- Data extract:
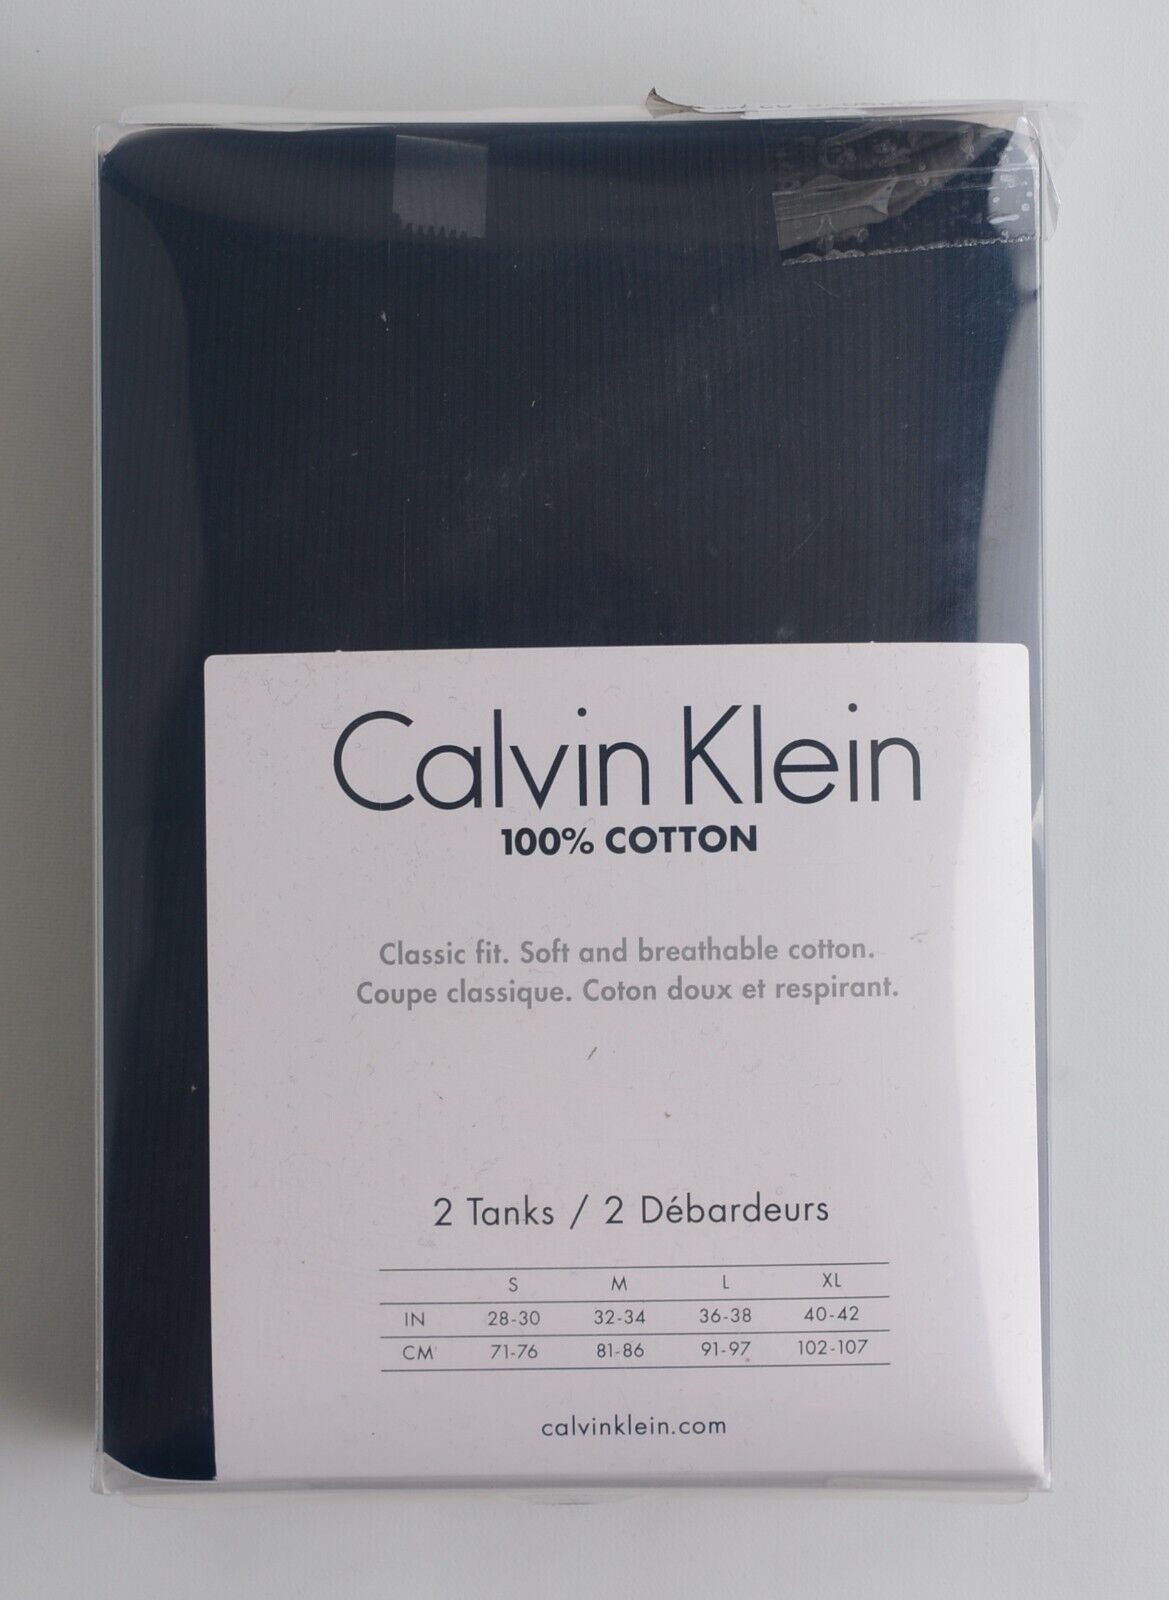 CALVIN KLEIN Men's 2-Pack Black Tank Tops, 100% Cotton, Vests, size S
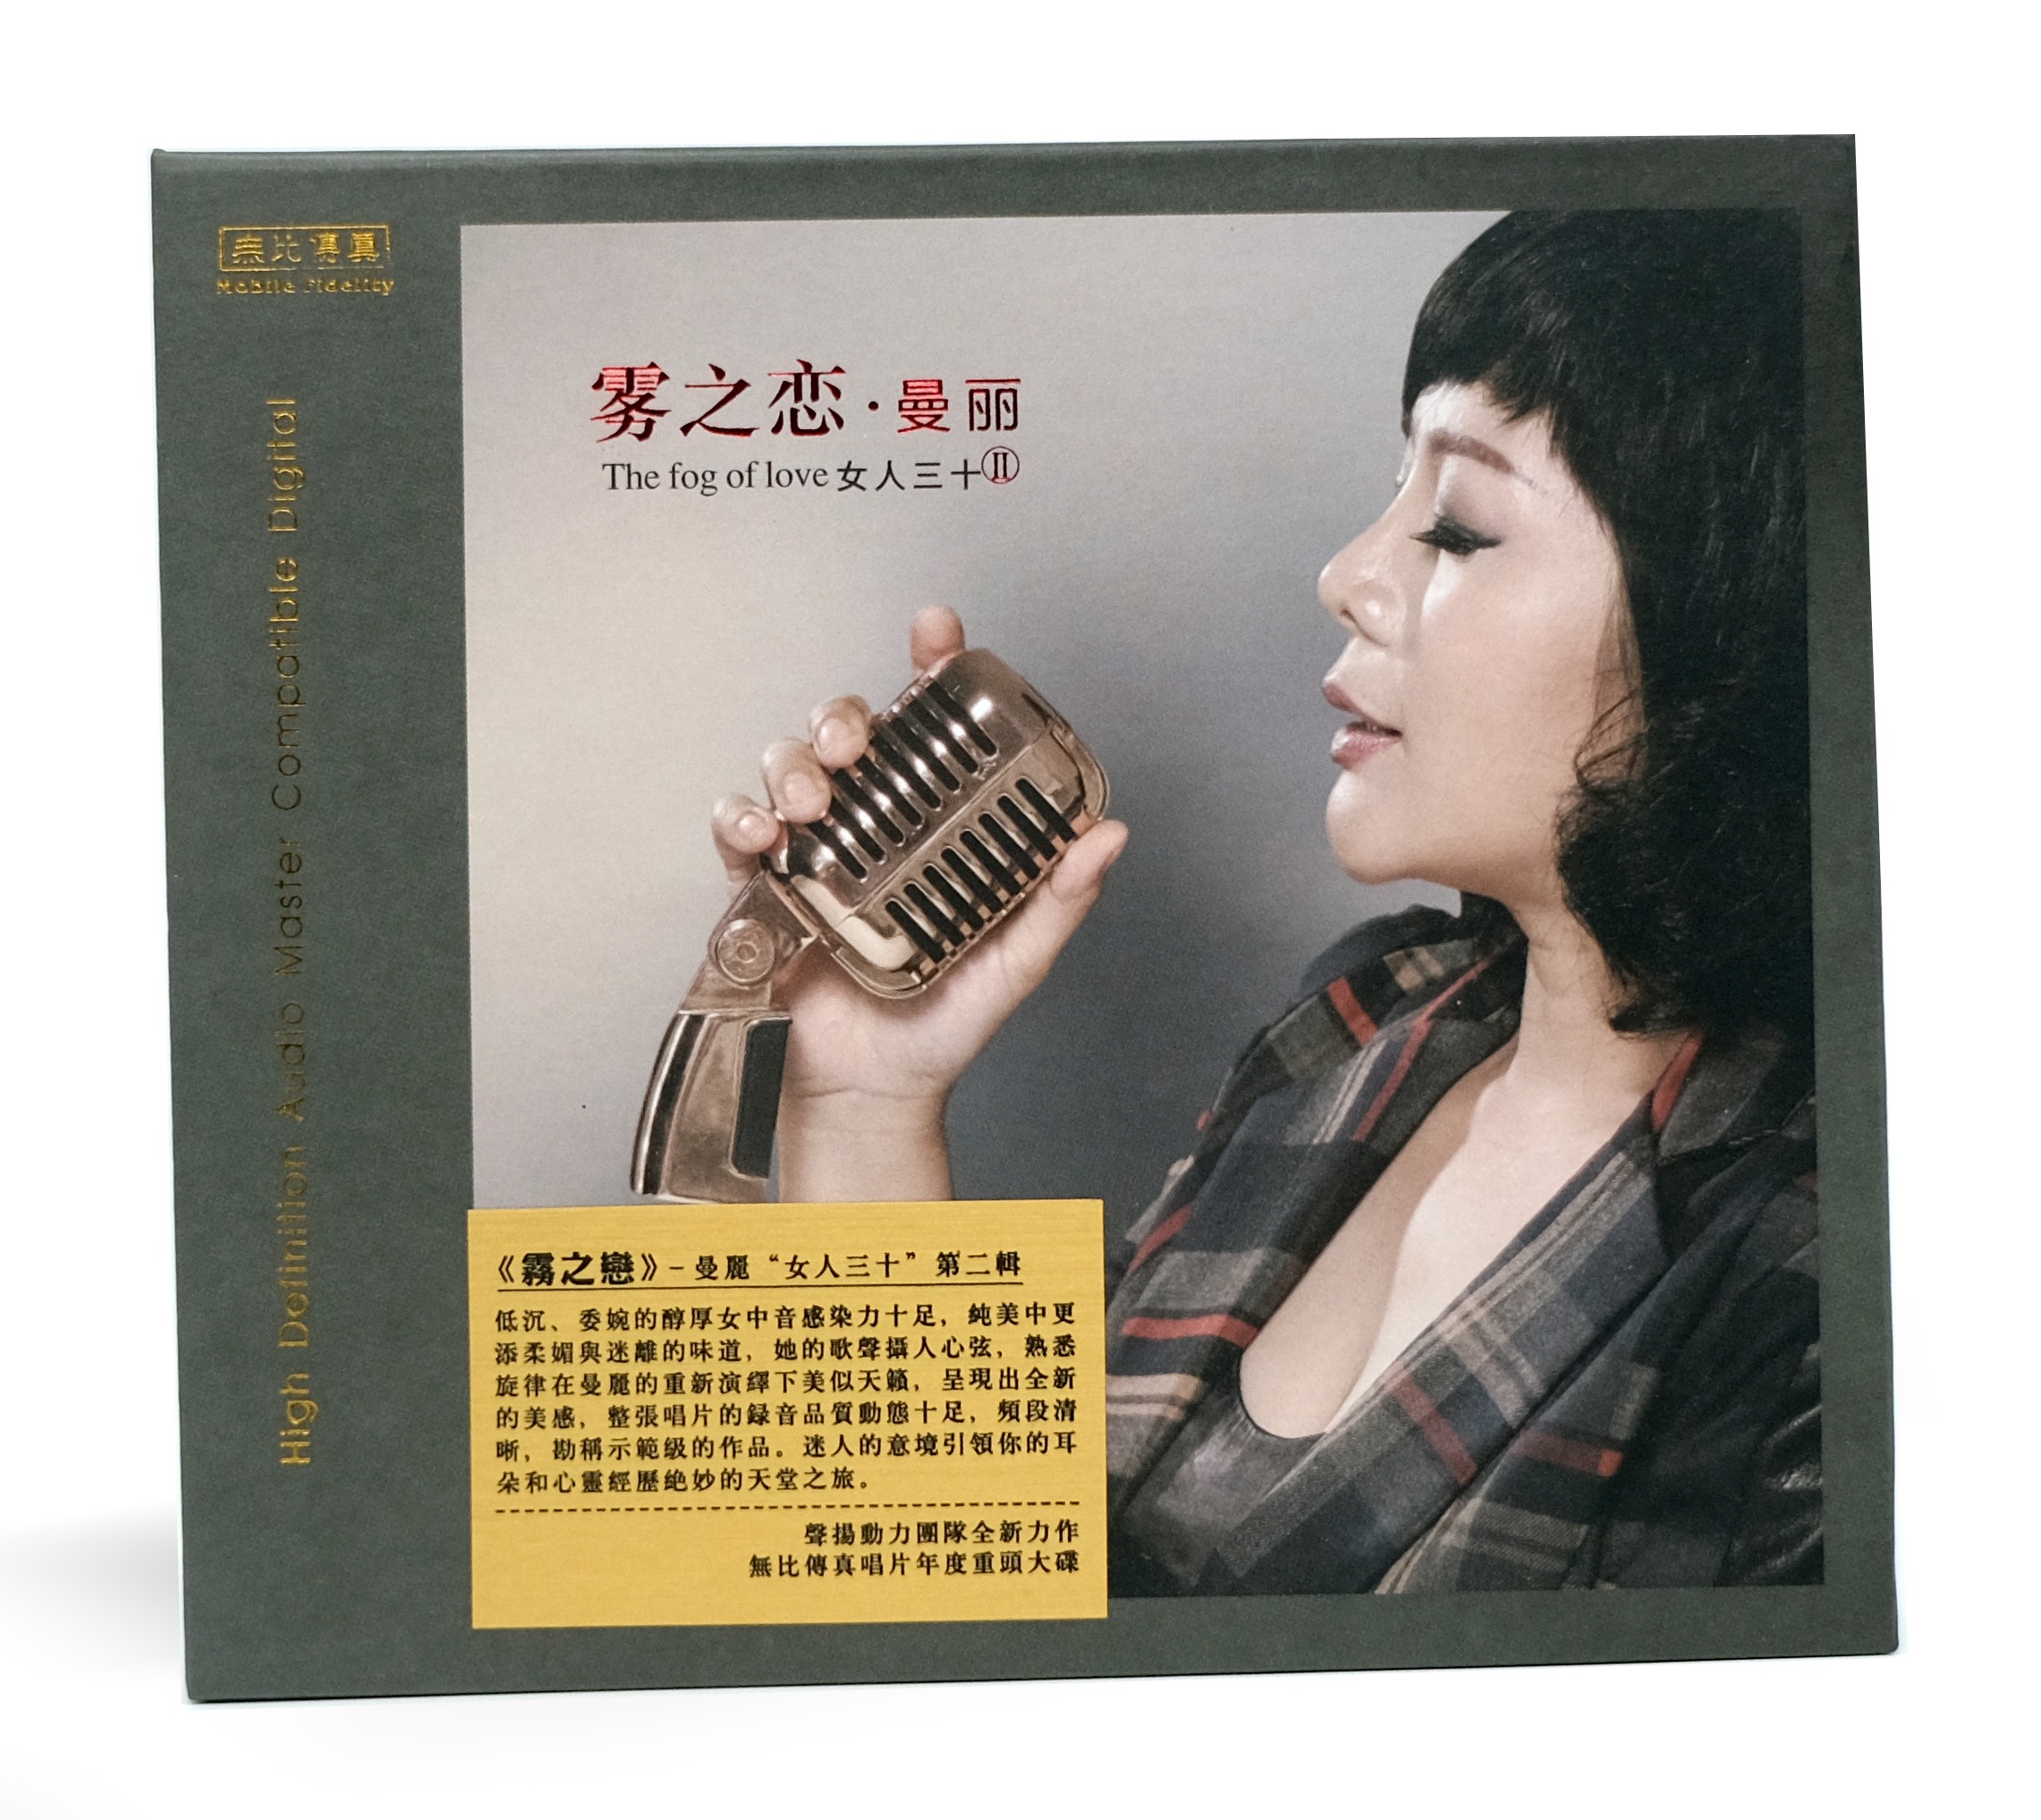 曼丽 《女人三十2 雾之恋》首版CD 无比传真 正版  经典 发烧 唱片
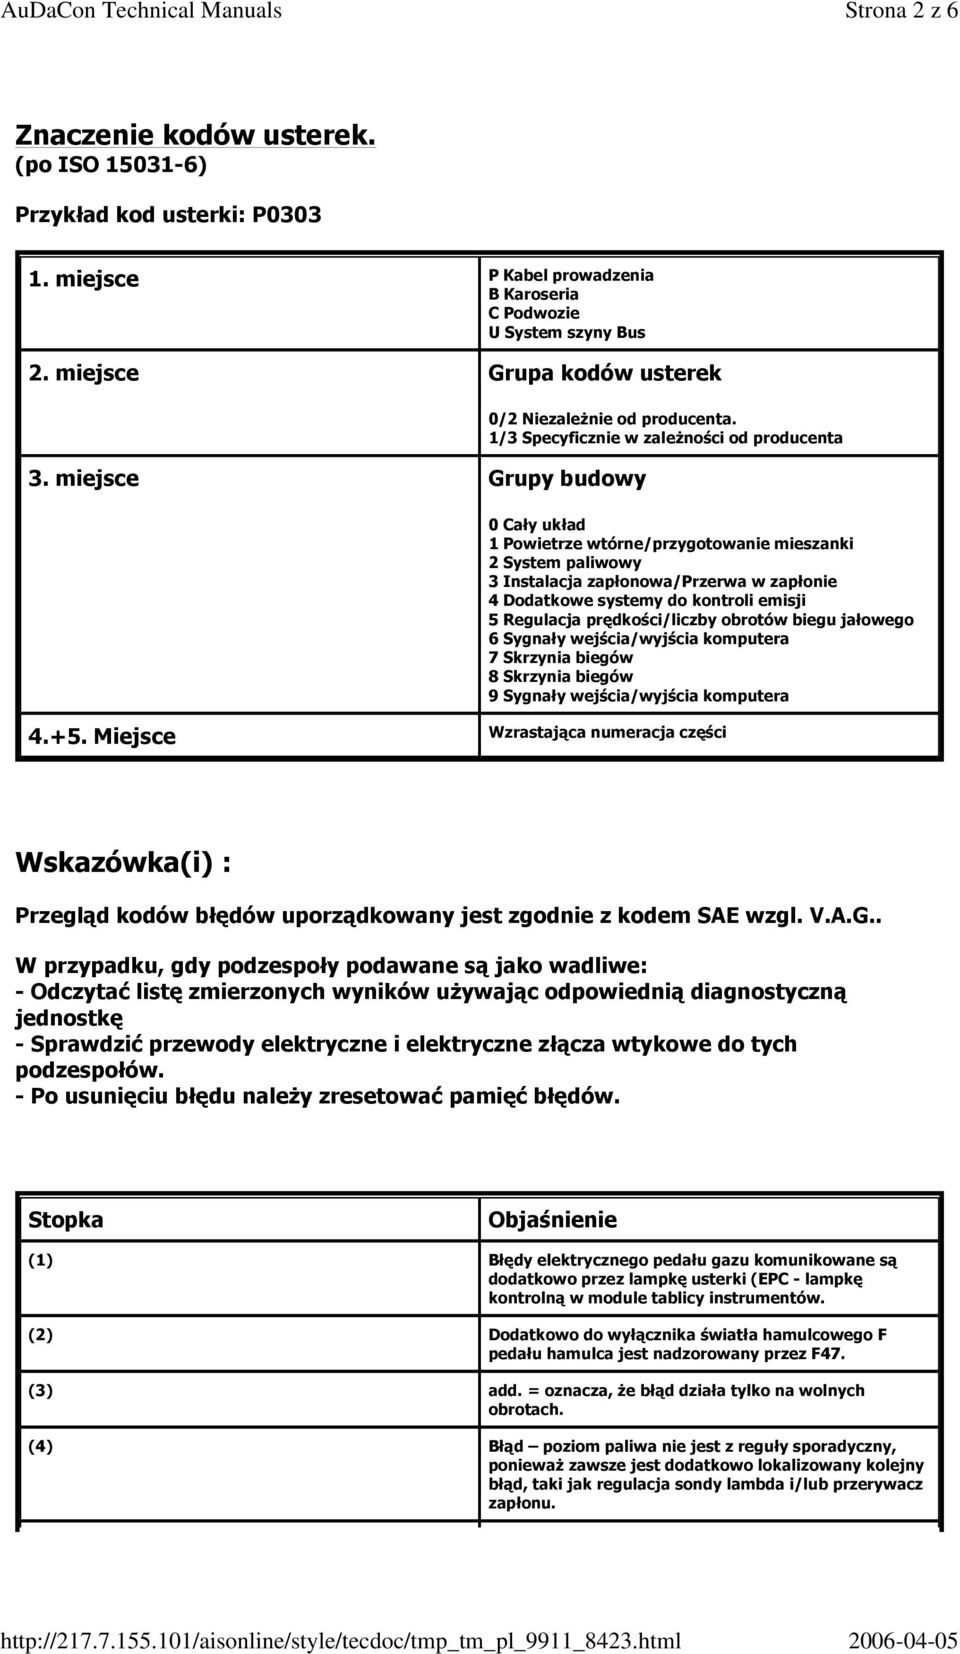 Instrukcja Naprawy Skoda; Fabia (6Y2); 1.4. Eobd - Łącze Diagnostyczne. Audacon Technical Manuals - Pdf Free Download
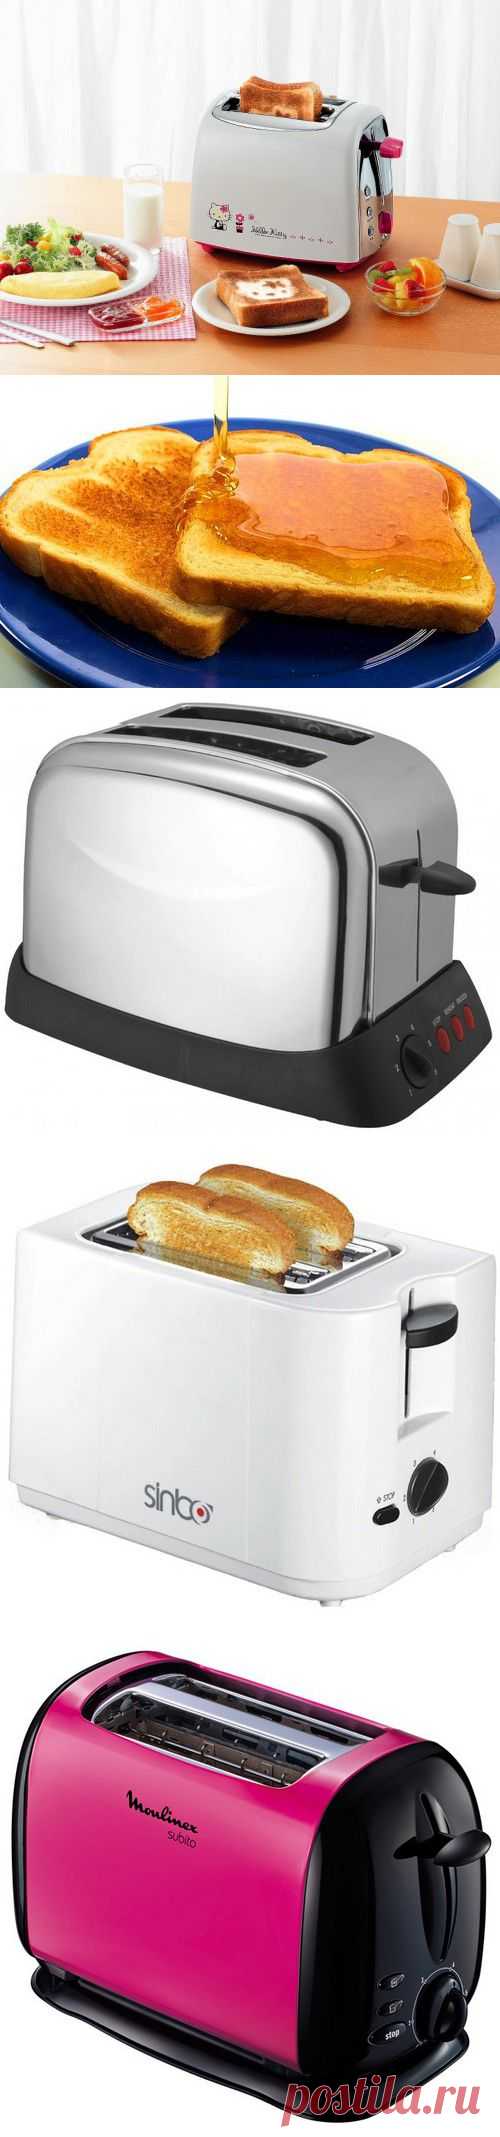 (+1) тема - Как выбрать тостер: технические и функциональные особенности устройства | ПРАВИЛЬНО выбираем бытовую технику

- About this task: What is needed is an exact copy of all the data, with no images in it.

- Output of the exercise:
 CALVIN KLEIN Men's 2-Pack Black Tank Tops, 100% Cotton, Vests, size S
 曼丽 《女人三十2 雾之恋》首版CD 无比传真 正版  经典 发烧 唱片
 Instrukcja Naprawy Skoda; Fabia (6Y2); 1.4. Eobd - Łącze Diagnostyczne. Audacon Technical Manuals - Pdf Free Download
 (+1) тема - Как выбрать тостер: технические и функциональные особенности устройства | ПРАВИЛЬНО выбираем бытовую технику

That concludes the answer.